Quanto ao quadro de instrução pública, era composto por 9 professores: 2 em Bolama, 1 em Bissau, Cacheu, Farim, Bafatá, Canchungo, Bambadinca e Buba; e 4 professoras em Bolama, Bissau, Cacheu e Farim. A estrutura viária era praticamente inexistente, como se escreve: “Há execução de um troço de extensão de 3.700 metros na estrada de Bolama à Ponta Oeste, não existem na Guiné vias de comunicação que mereçam a classificação de estradas. Há largos caminhos rasgados no mato, acompanhados lateralmente de valetas em terra, bastante regularizados alguns, para trânsito de veículos, se os houvesse na província.”

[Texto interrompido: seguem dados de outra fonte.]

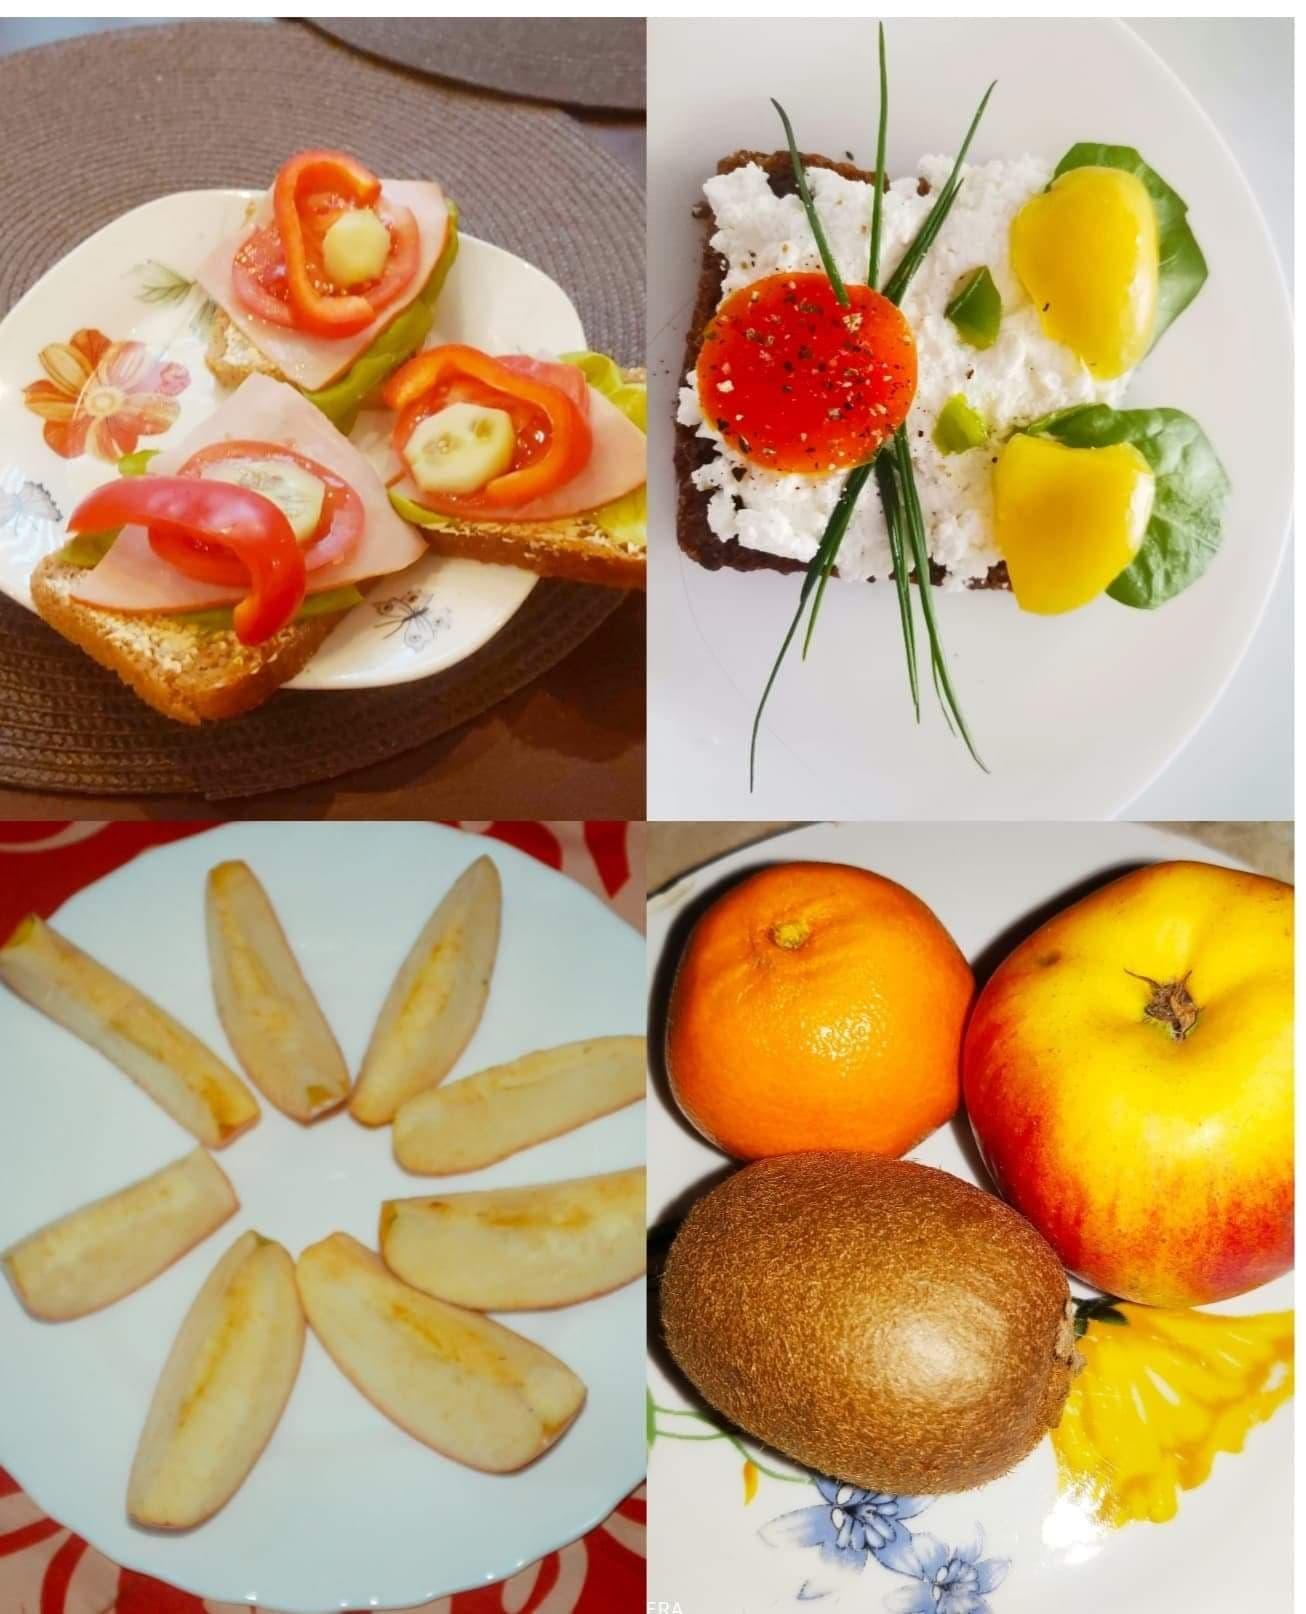 Światowy Dzień Cukrzycy w kl. 1a

No ano de 1915, os serviços telégrafo-postais da Guiné eram executados por 8 estações telégrafo-postais, por 6 estações exclusivamente postais e 2 estações exclusivamente telegráficas, estas pertencentes à Eastern Telegraph Company. No que toca à organização militar, diz-se que o governador é o comandante superior de todas as forças militares, tem ao seus dispor 2 companhias indígenas de infantaria e 2 secções de artilharia. E quanto aos serviços da marinha, regista-se uma esquadrilha composta pelas lanchas-canhoneiras Zagaia e Flecha e dos vapores Bissau, República, Rio Corubal, Rio Mansoa, Capitania e Oio. E ficamos a saber, quanto a instituições de saúde, que há em Bolama um hospital militar e civil e delegações e enfermarias em Bissau, Cacheu, Farim e Bafatá.

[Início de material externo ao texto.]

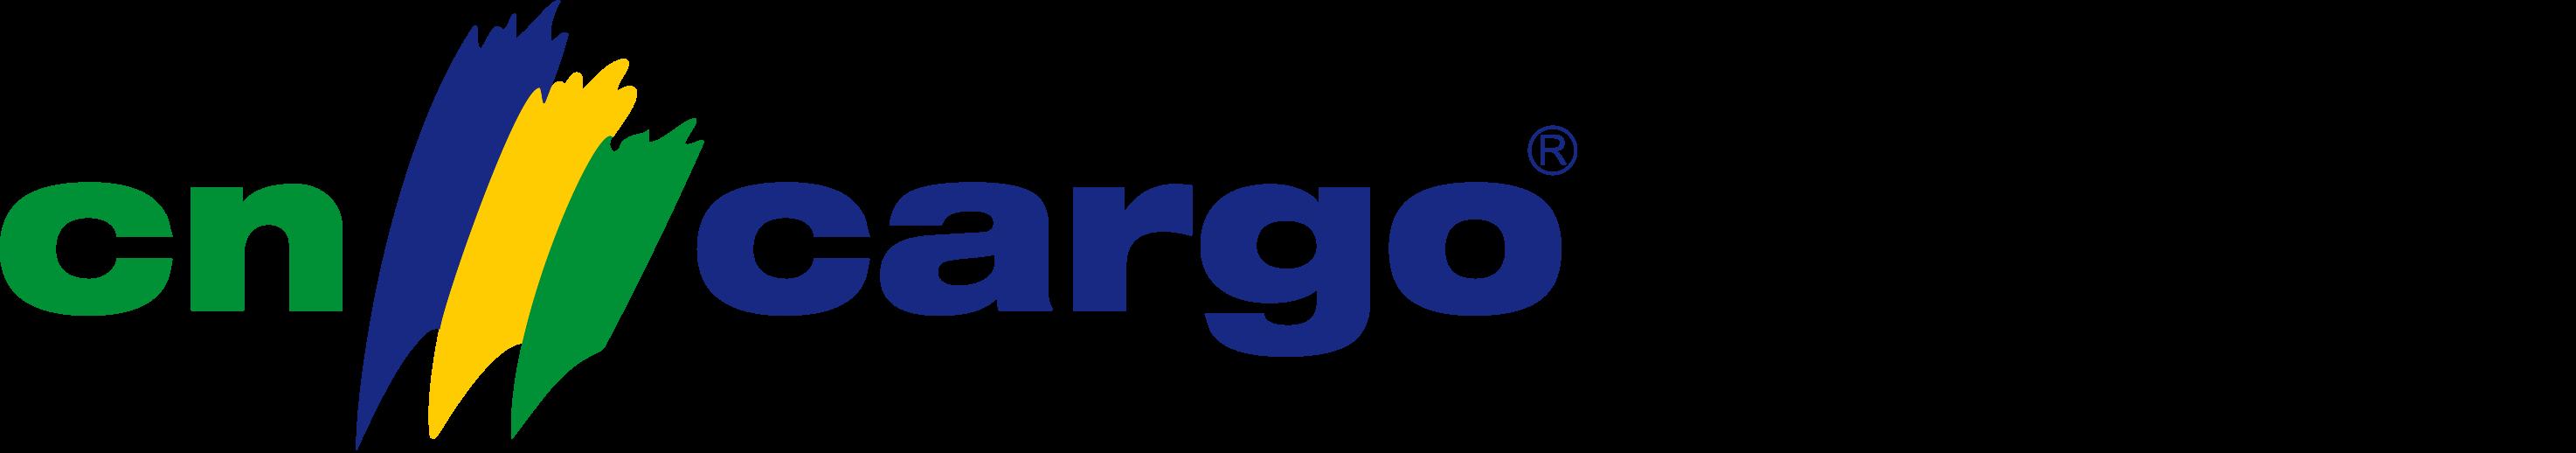 CNCARGO

Carta da colónia da Guiné, 1933
Antigos armazéns da Casa Gouveia, Bolama
O Pidjiquiti, cerca de 1890
____________Nota do editor
Último poste da série de 22 DE MARÇO DE 2023 > Guiné 61/74 - P24162: Historiografia da presença portuguesa em África (360): As últimas décadas de comércio negreiro na Senegâmbia e Cabo Verde (Mário Beja Santos)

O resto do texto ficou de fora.